DWS provides a parallel data import function that enables a large amount of data to be imported in a fast and efficient manner. This section describes parameters for importing data in parallel.

raise_errors_if_no_files

Parameter description: Specifies whether distinguish between the problems "the number of imported file records is empty" and "the imported file does not exist". If this parameter is set to true and the problem "the imported file does not exist" occurs, DWS will report the error message "file does not exist".

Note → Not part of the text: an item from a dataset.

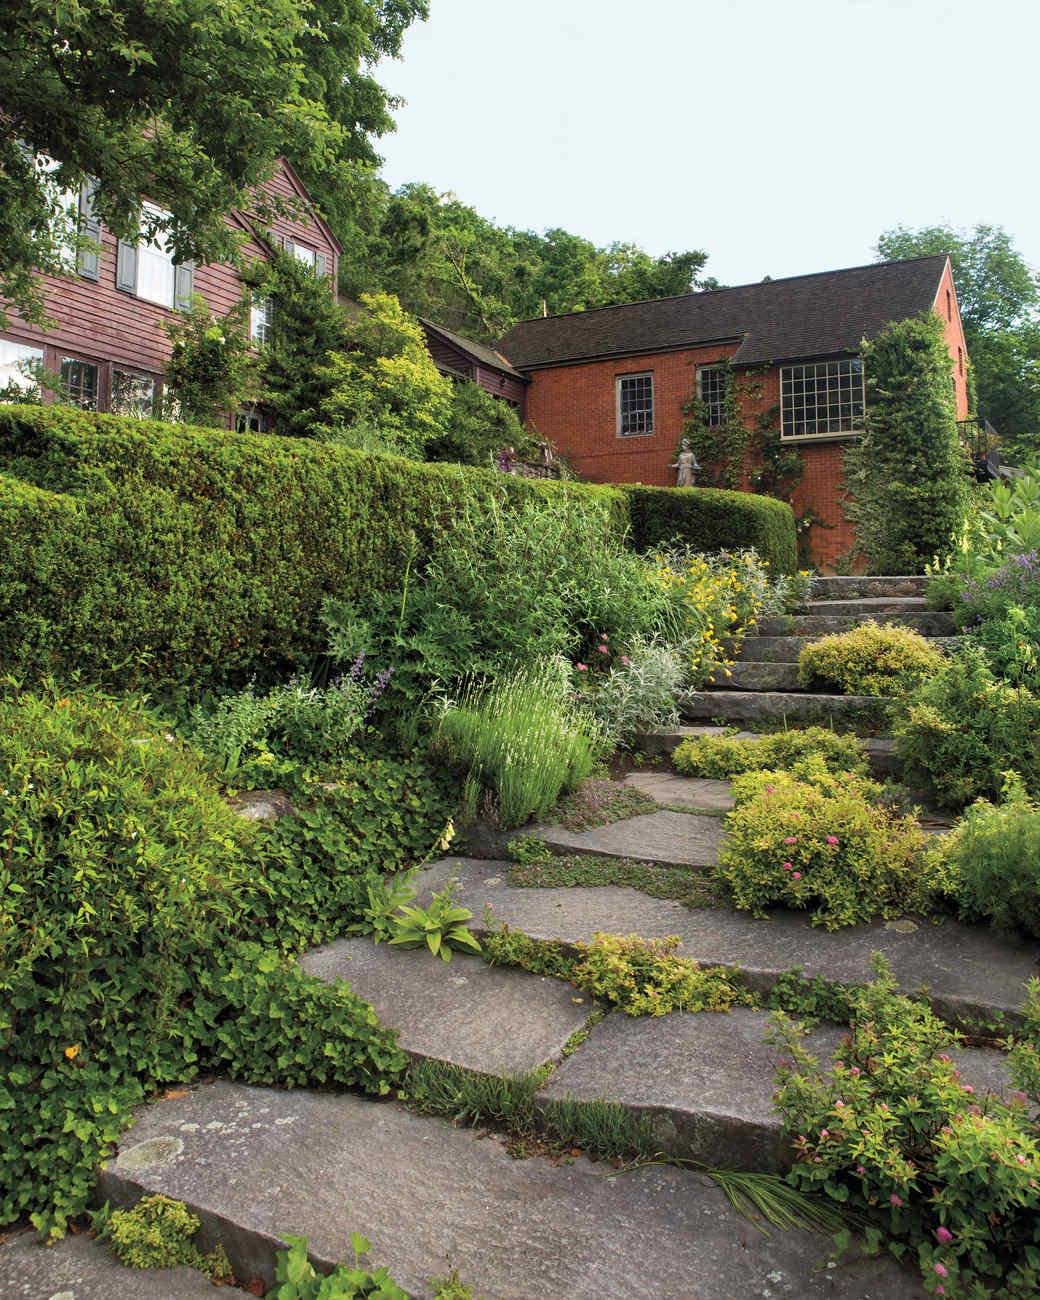 stone-brick-hollister-house-8276-md109020.jpg

This parameter is a SUSET parameter. Set it based on instructions provided in Table 1.

Value range: Boolean

  • on indicates the messages of "the number of imported file records is empty" and "the imported file does not exist" are distinguished when files are imported.
  • off indicates the messages of "the number of imported file records is empty" and "the imported file does not exist" are the same when files are imported.

Default value: off

partition_mem_batch

Parameter description: in order to optimize the inserting of column storage partition table in batches, the data is buffered during the inserting process and then written in the disk. You can specify the number of caches through partition_mem_batch. If this value is too large, it will consume much memory resources. If it is too small, the performance of inserting column-store partitioned tables in batches will deteriorate.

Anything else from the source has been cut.